Bei anderen Misch- und Fabelwesen liegt die Herkunft tiefer im dunkeln. Es gibt in der Schattenzone praktisch alle Lebensformen, die in den Mythen und Legenden der Lichtwelt vorkommen. Es bleibt nur die Frage, ob die Menschen sich ihre Fabelgestalten nach den Bewohnern der Sch. geschaffen haben oder ob die Bewohner der Sch. aus den Mythen der Lichtwelt wurden. Die Wahrheit, sofern es eine gültige gibt, wird wohl nur im Buch der Welt zu finden sein. Doch wer vermag es zu lesen? Das Salz, das in der Schattenzone nicht mit Gold aufzuwiegen ist, hat einen solchen Wert, weil es hier frei praktisch nicht vorkommt; weit seltener jedenfalls als Wasser, das wenigstens als Eis seinen Niederschlag findet. Zu seiner Seltenheit kommt noch hinzu, daß Salz auf, die Bewohner der Schattenzone oder, anders ausgedrückt, daß Salz in der Schattenzone auf alle Wesen eine besondere Wirkung hat. Man benötigt es, in kleinen Prisen, nicht nur zum Überleben, sondern, in größeren Portionen, auch als Stimulans, als Rauschmittel, zur Anregung des Geistes und Stärkung des Körpers – in Mengen genossen, kann es hier sogar zu einem zerstörerischen Suchtmittel werden. Und weil es so rar und begehrt ist, kann man für Salz praktisch alles bekommen. Es eignet sich selbst als Köder für Dämonen.

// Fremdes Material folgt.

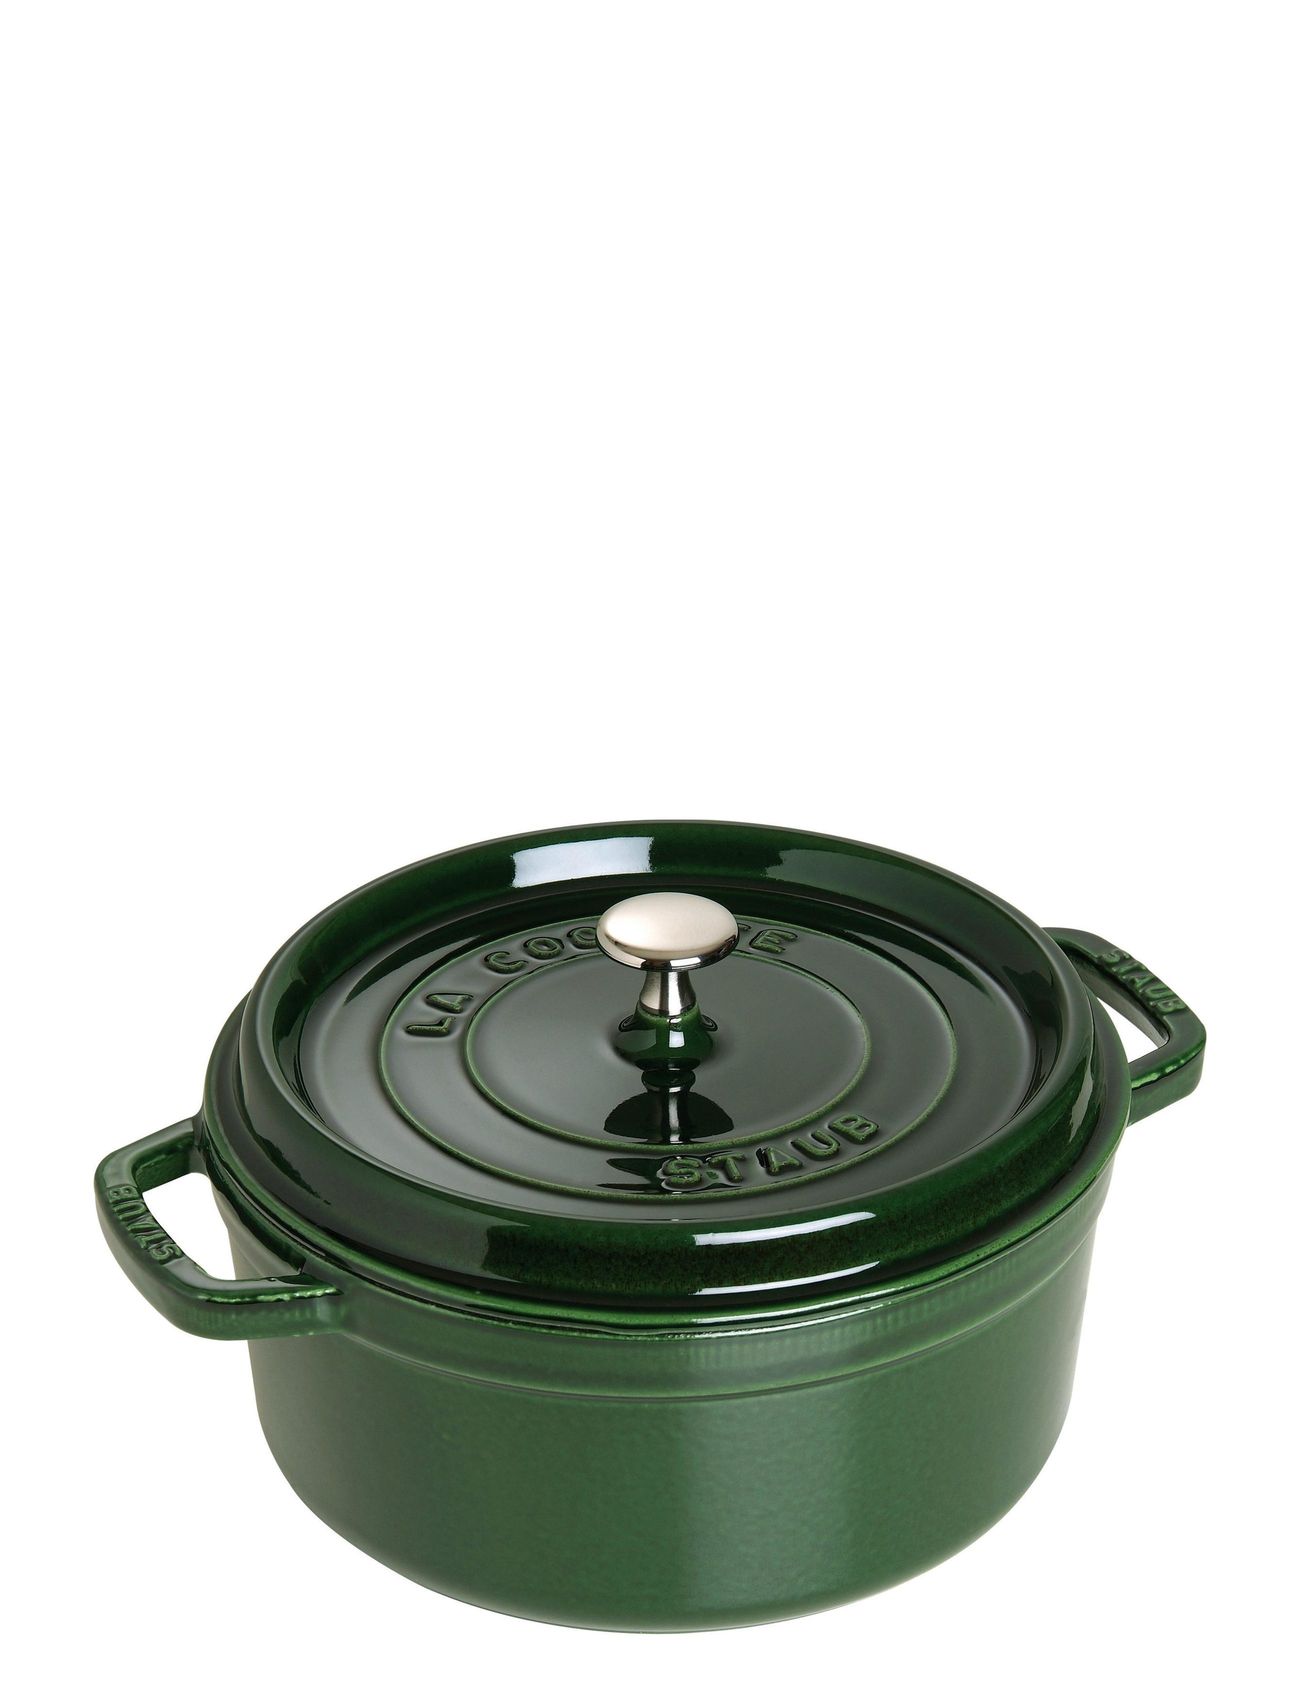 La Cocotte - Round Cast Iron, 3 Layer Enamel Home Kitchen Pots & Pans Casserole Dishes Green STAUB

Der Held Mythor durchquerte die Schattenzone mehrfach, bis zu ihrer Auflösung zu Allumeddon als der Lichtbote dieses Chaos auflösen musste um einen Sieg der Finsternis zu verhindern. Die darauf folgende Zeit nannte man Dunkles Zeitalter.

Nach Pondaron, dem Beginn der neuen Zeitrechnung, entstand an der Stelle der früheren Schattenzone eine fast unterbrechnungslose Kette von Vulkanen, Blutiges Band genannt.